= Graphicstudio =

Art studio, printing press workshop

Graphicstudio is an art studio and print workshop at the University of South Florida in Tampa, Florida, established in 1968 by Donald Saff.

The studio was closed from 1976 through 1981 for financial reasons.

With the Contemporary Art Museum and the Public Art Program form the Institute for Research in Art in the College of The Arts at the University of South Florida and the support of then president Cecil Mackey, Saff modeled Graphicstudio after the Pratt Graphics Center, Tamarind Press, and Gemini G.E.L. The studio produced its earliest work in 1969.

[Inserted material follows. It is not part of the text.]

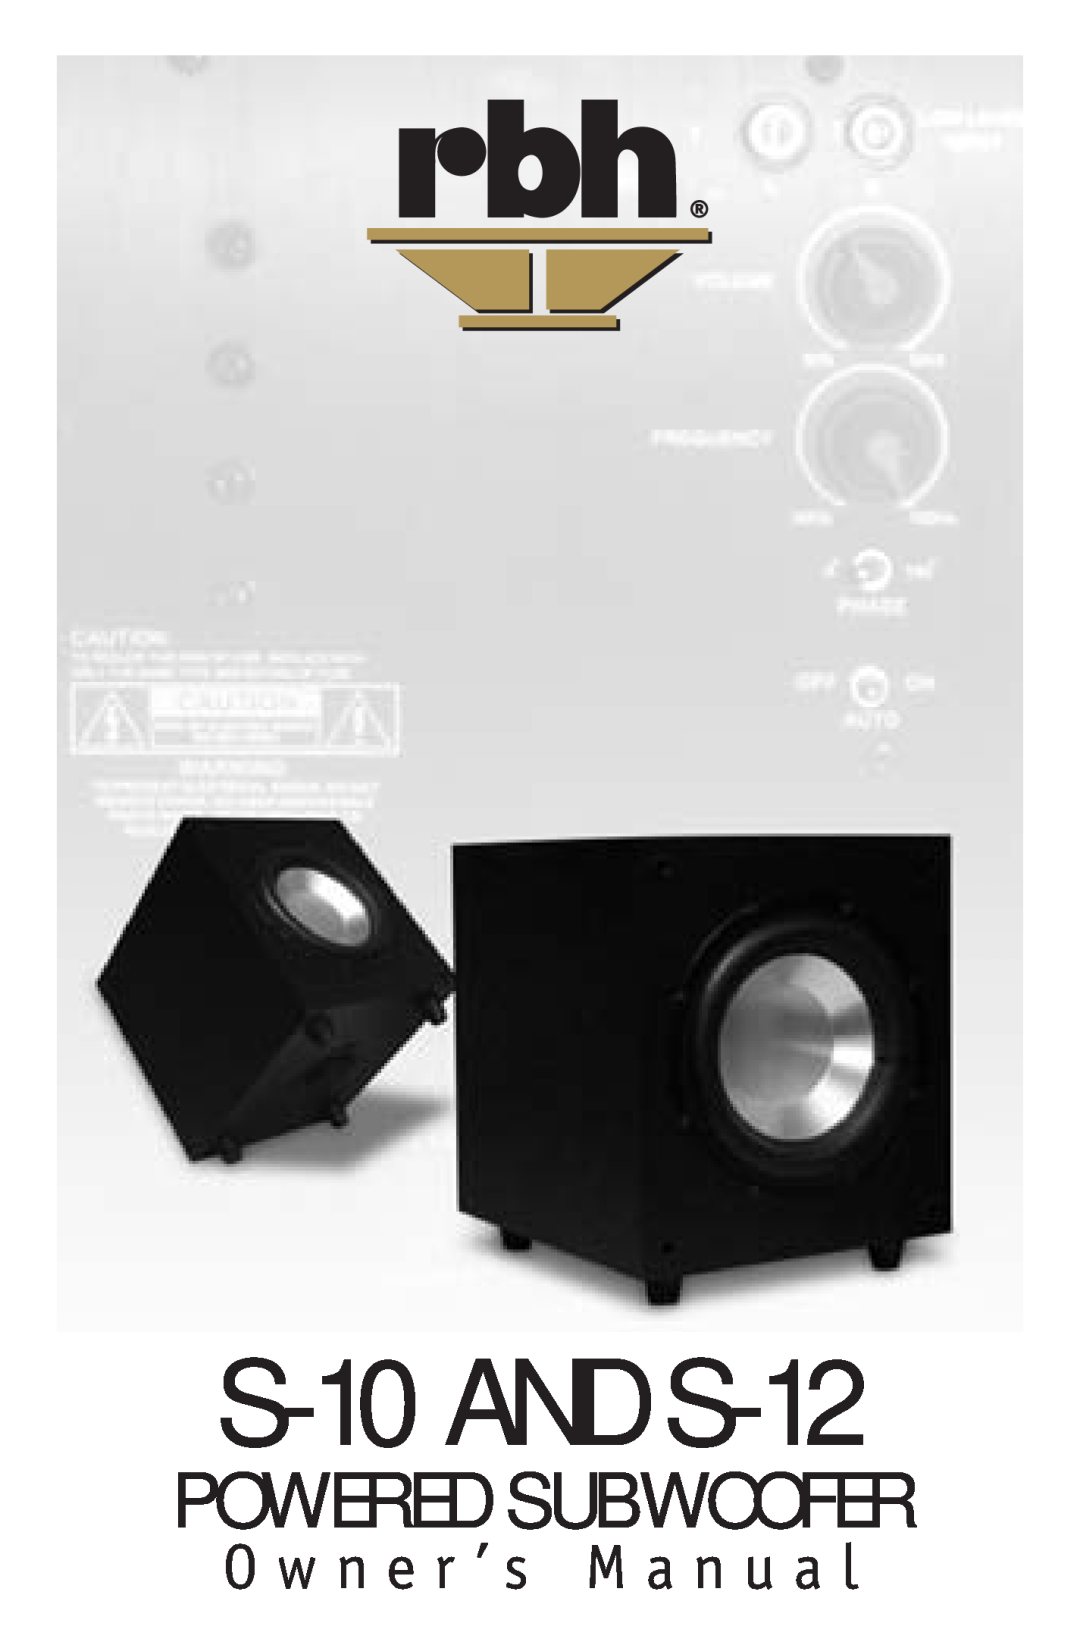 RBH Sound owner manual S-10AND S-12, Powered Subwoofer, O w n e r ’ s M a n u a l 
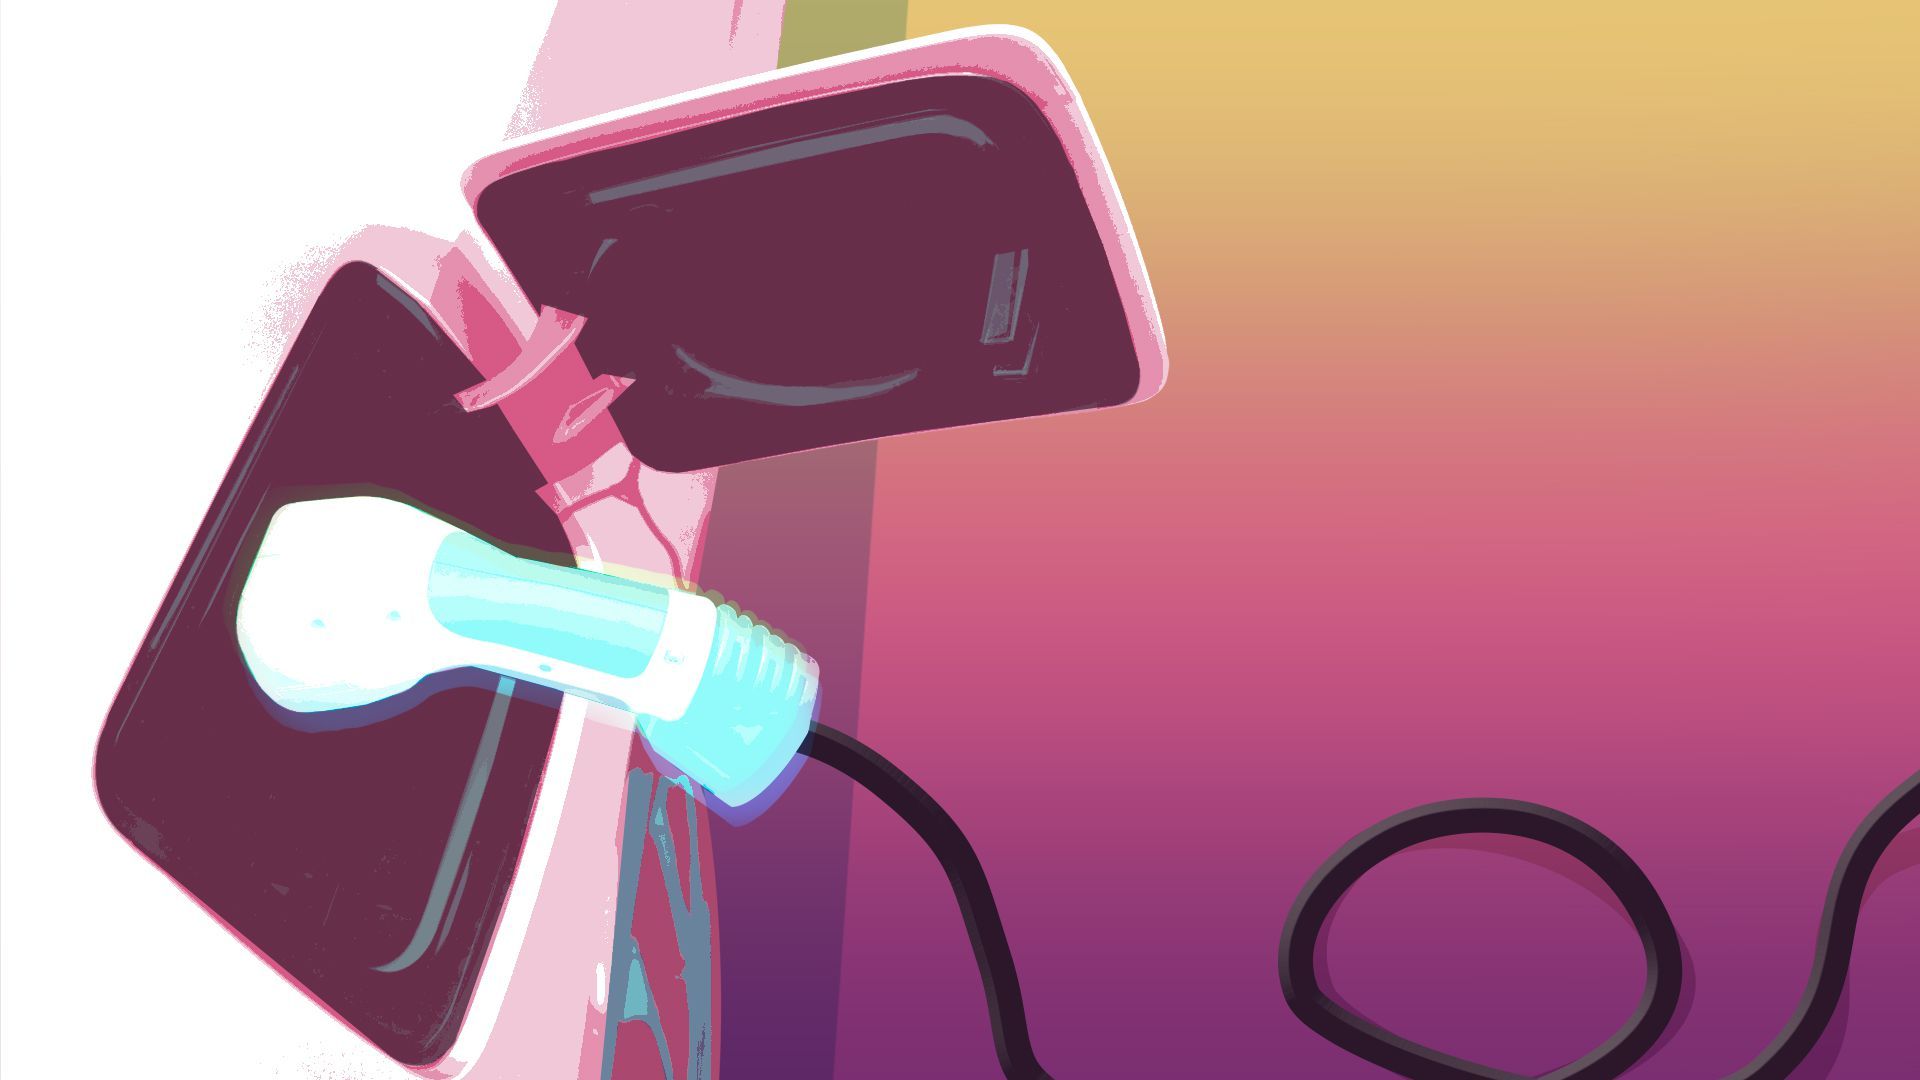 Illustration of a EV charger in a car

The National Gallery of Art houses the Graphicstudio archive.

==Artists==
Philip Pearlstein was the first artist to participate at Graphicstudio. James Rosenquist started with Graphicstudio in 1971. Richard Anuszkiewicz, Adja Yunkers, Robert Rauschenberg, and Jim Dine were also involved with Graphicstudio in the 1970s. Other artists associated with Graphicstudio over the years include Edward Ruscha, Chuck Close, Robert Mapplethorpe, Miriam Schapiro, Roy Lichtenstein, Nancy Graves, Allan McCollum, Christian Marclay, Theo Wujcik, and Vik Muniz.